**AIM OF THE TASK:** The records that follow need to be printed exactly. Leave out each image.

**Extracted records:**
»»
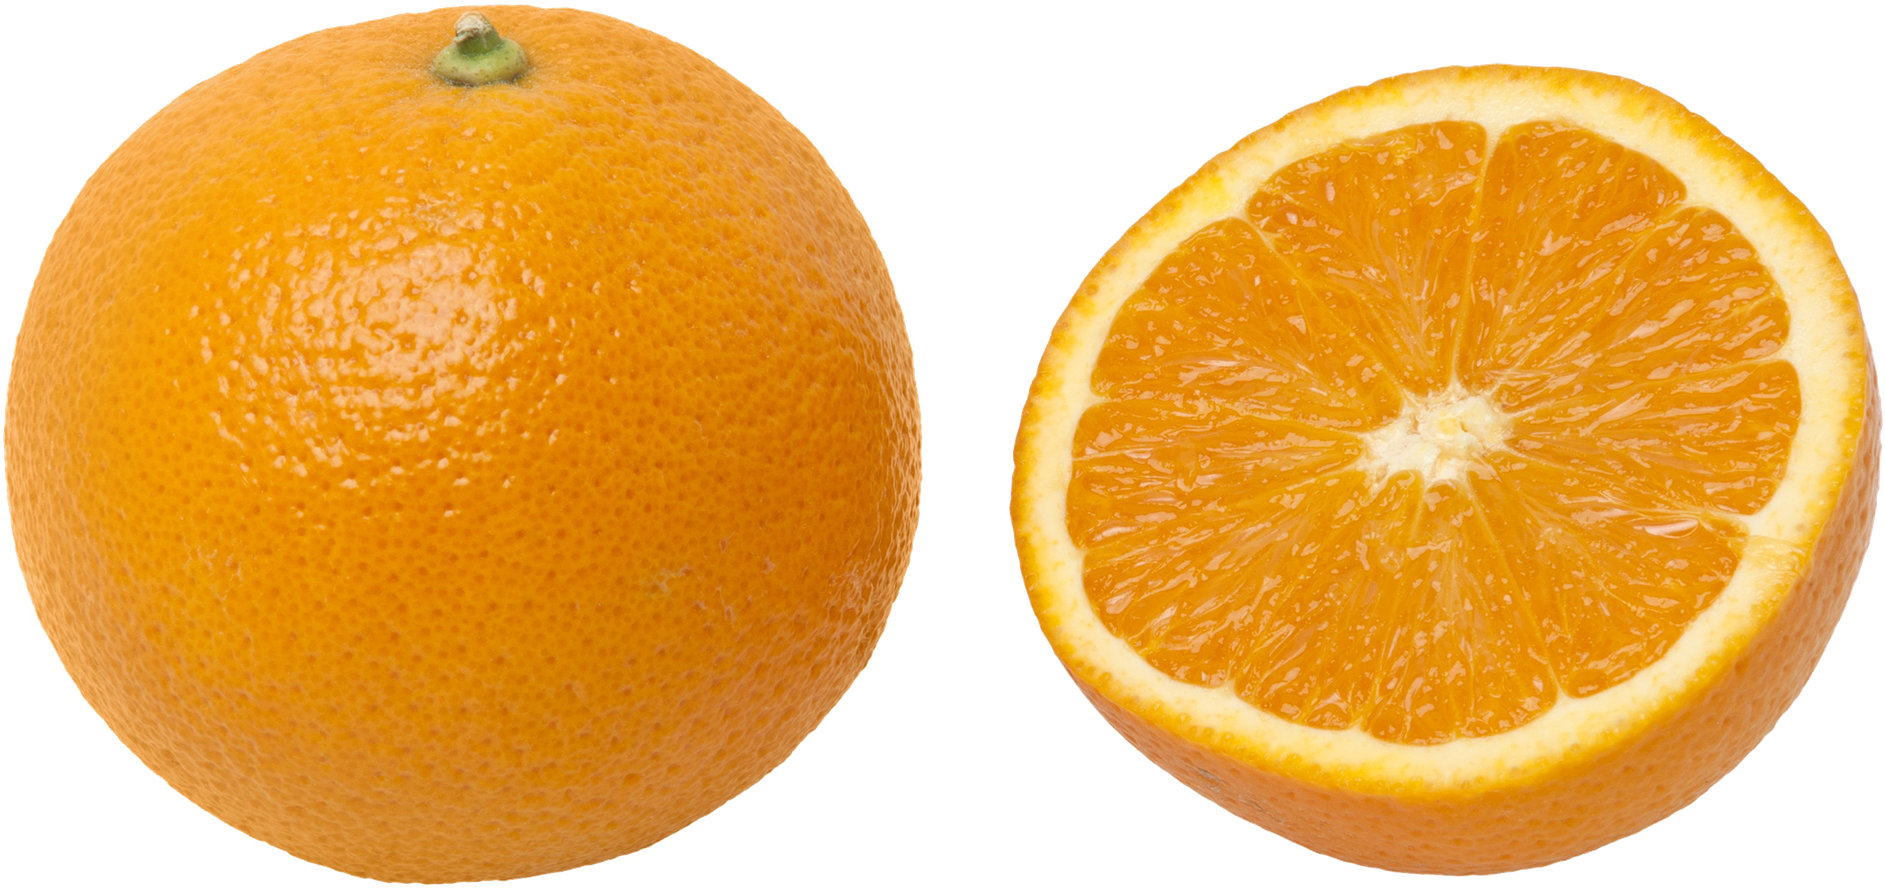 Những quả cam đẹp mắt sẵn sàng ăn liền với vị ngọt ngào và tươi mát khiến bạn muốn xem hình ảnh liền. Là nguồn cung cấp Vitamin C quan trọng, cam giúp cho bạn luôn khỏe mạnh và tràn đầy năng lượng.
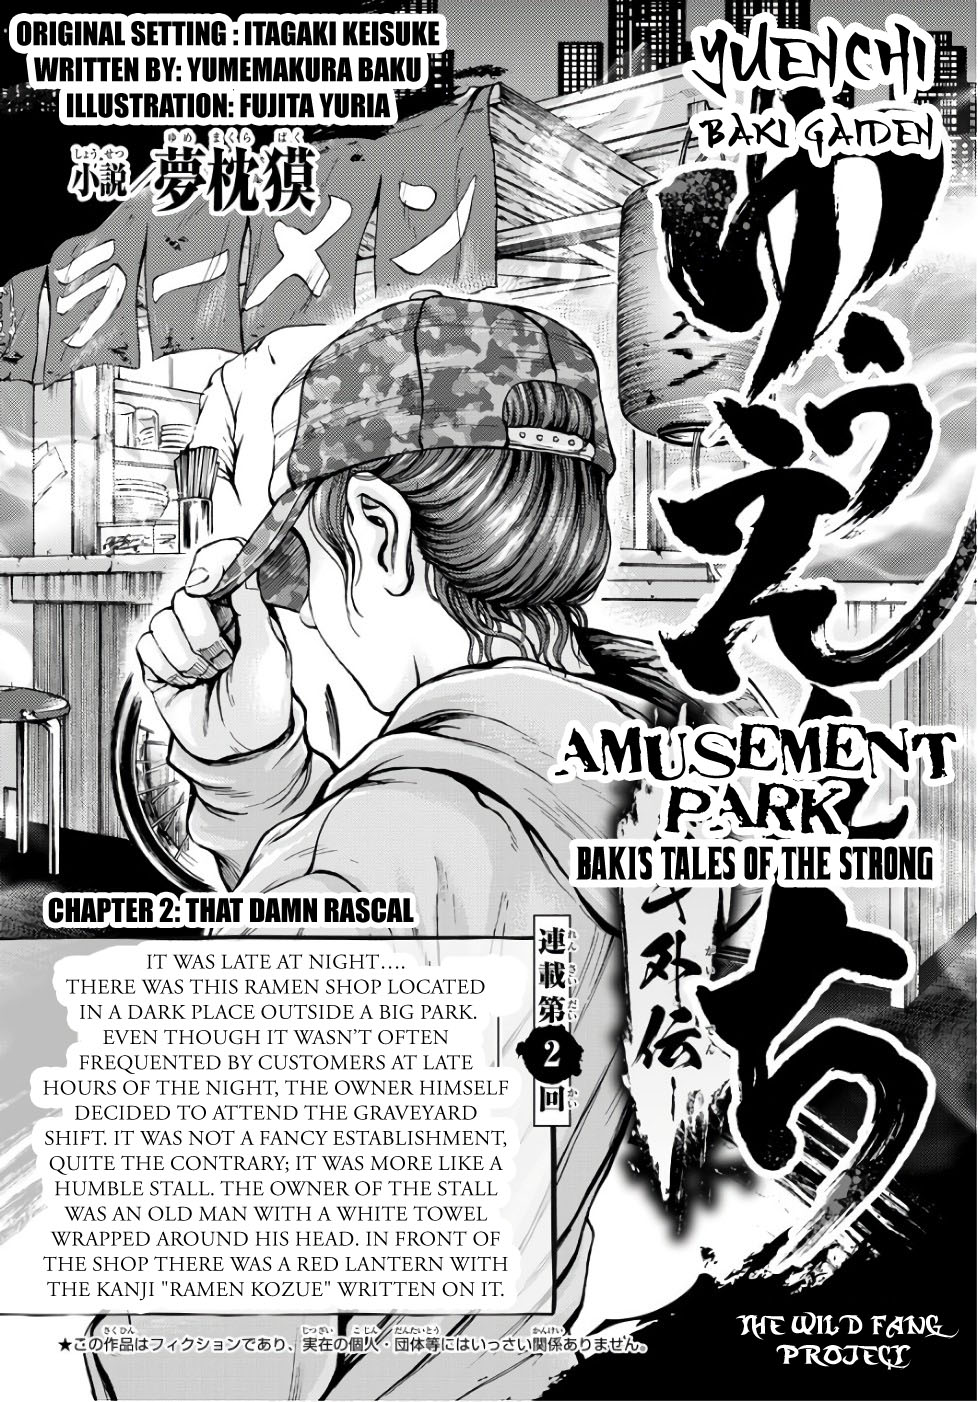 Yuenchi: Baki Gaiden Vol. 1 Ch. 2 Part 2
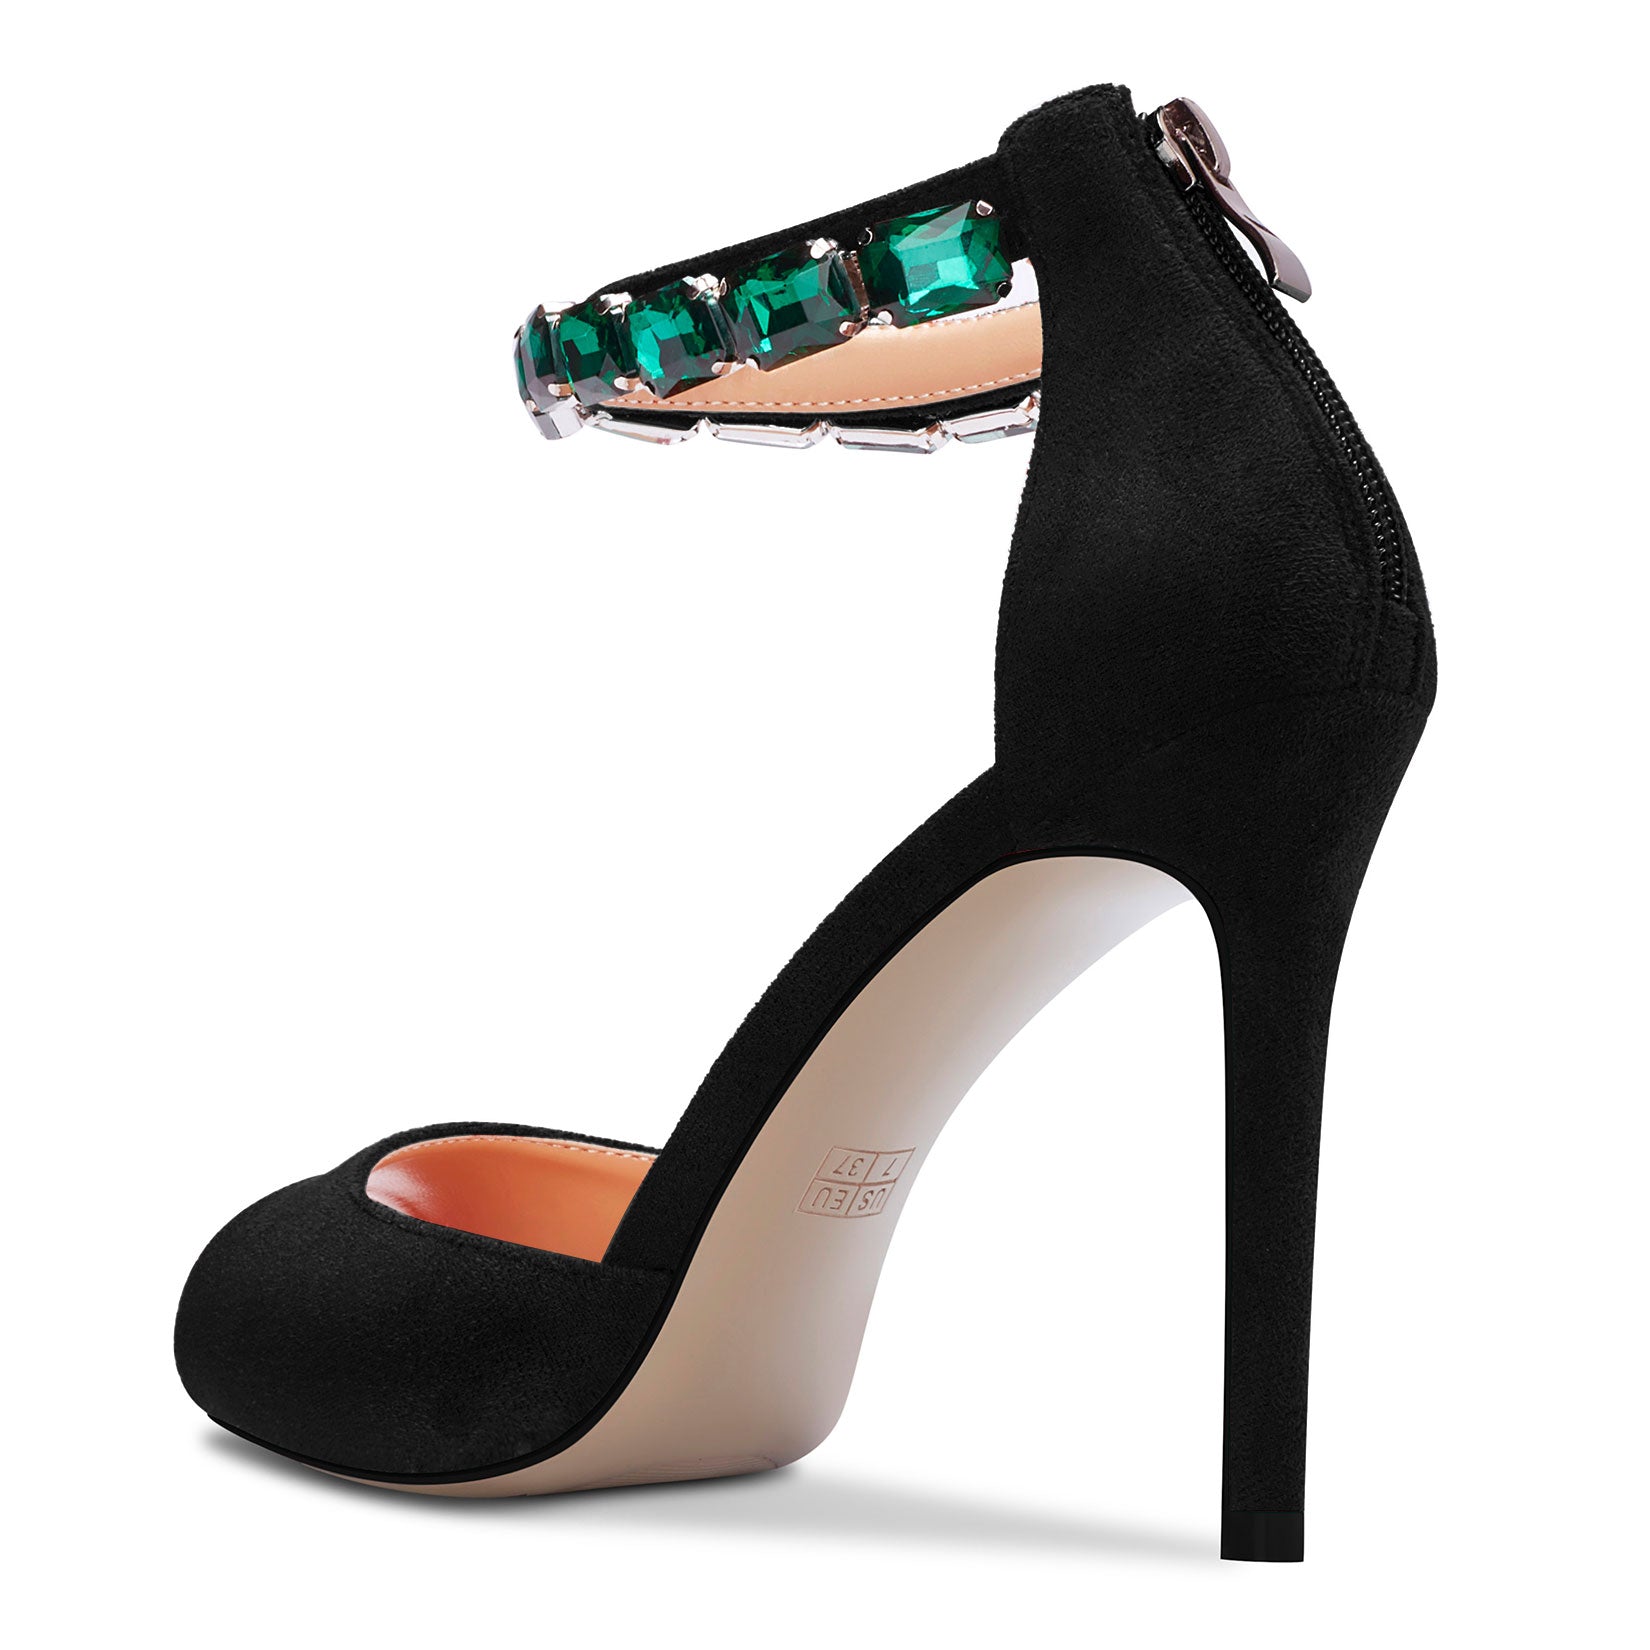 Heels & Wedges | Metro High Heel Black Sandals- 4 Inch Heels | Freeup
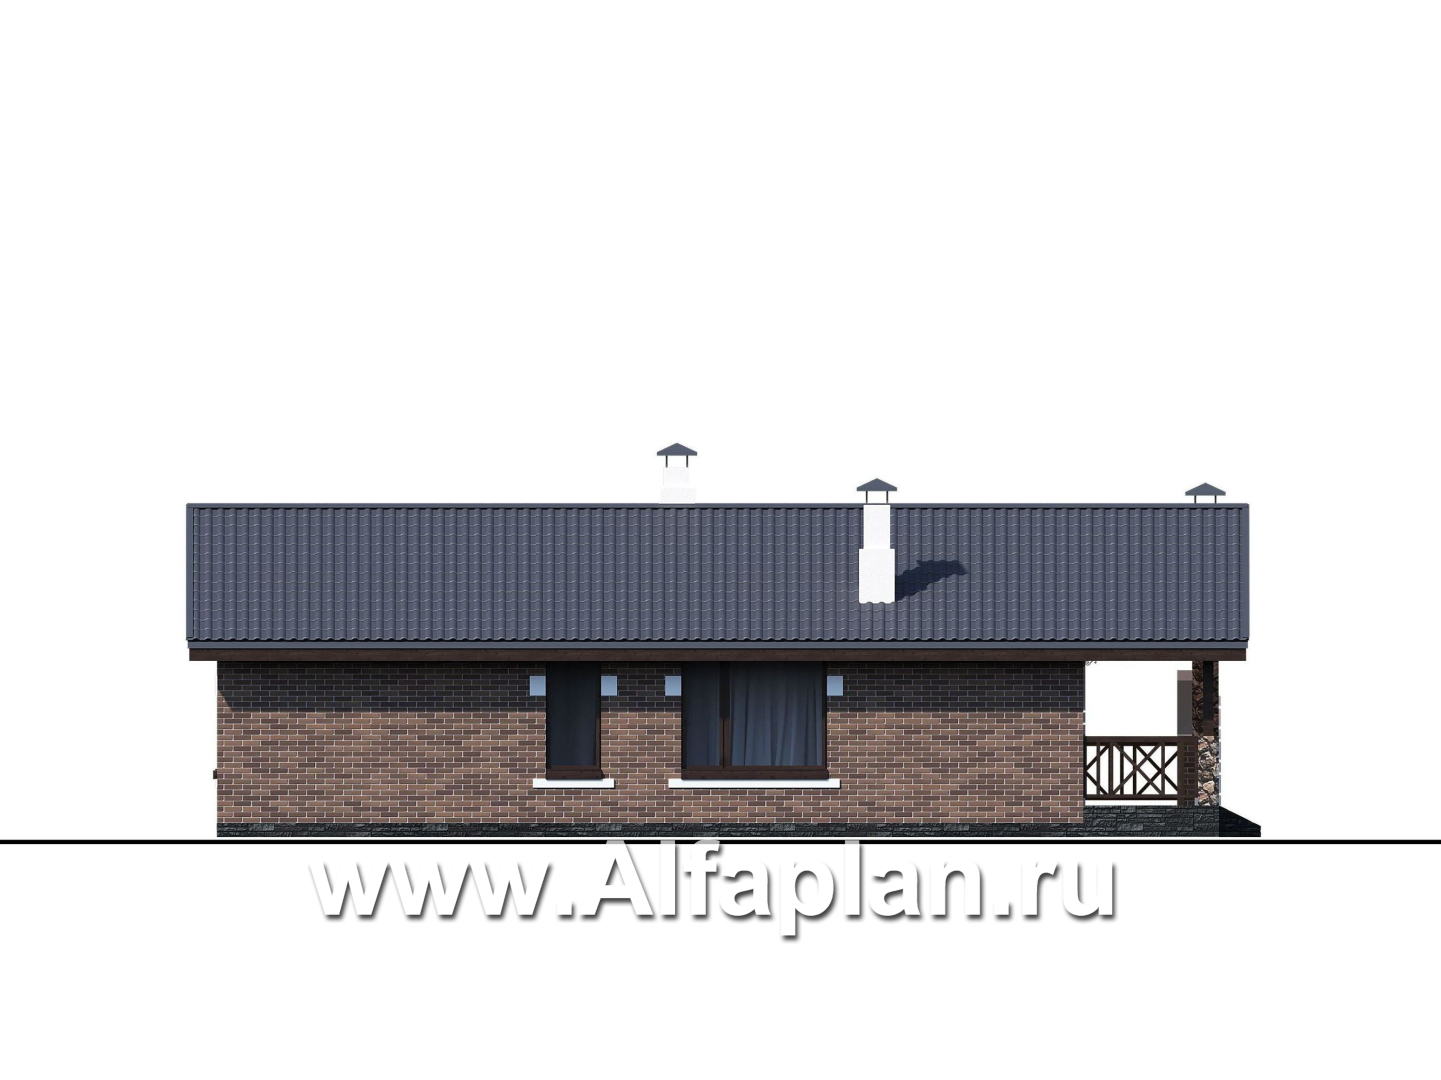 Проекты домов Альфаплан - «Родия» - одноэтажный коттедж с двускатной кровлей - изображение фасада №4
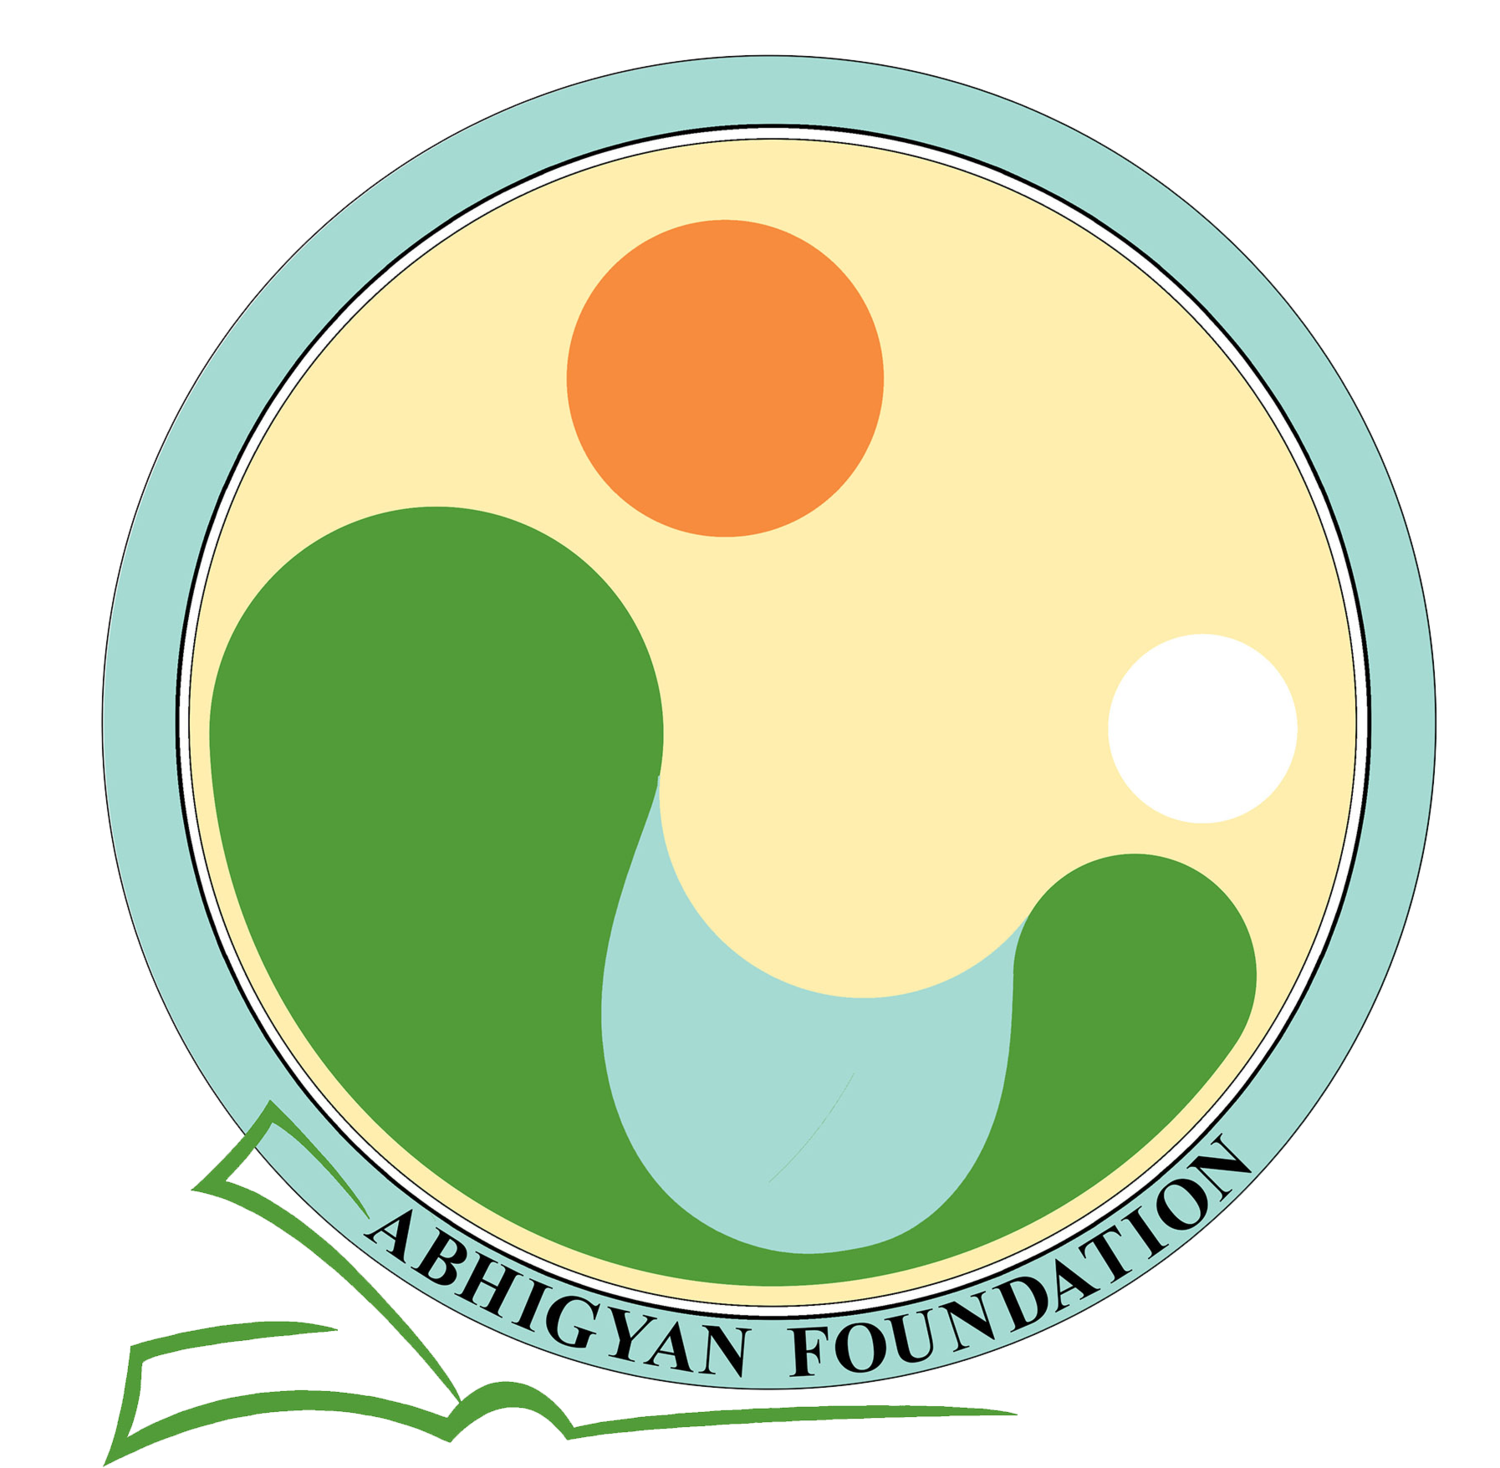 Abhigyan Foundation
««
**OUTPUT OF THE EXERCISE:**
 Những quả cam đẹp mắt sẵn sàng ăn liền với vị ngọt ngào và tươi mát khiến bạn muốn xem hình ảnh liền. Là nguồn cung cấp Vitamin C quan trọng, cam giúp cho bạn luôn khỏe mạnh và tràn đầy năng lượng.
 Yuenchi: Baki Gaiden Vol. 1 Ch. 2 Part 2
 Heels & Wedges | Metro High Heel Black Sandals- 4 Inch Heels | Freeup
 Проекты домов Альфаплан - «Родия» - одноэтажный коттедж с двускатной кровлей - изображение фасада №4
 Abhigyan Foundation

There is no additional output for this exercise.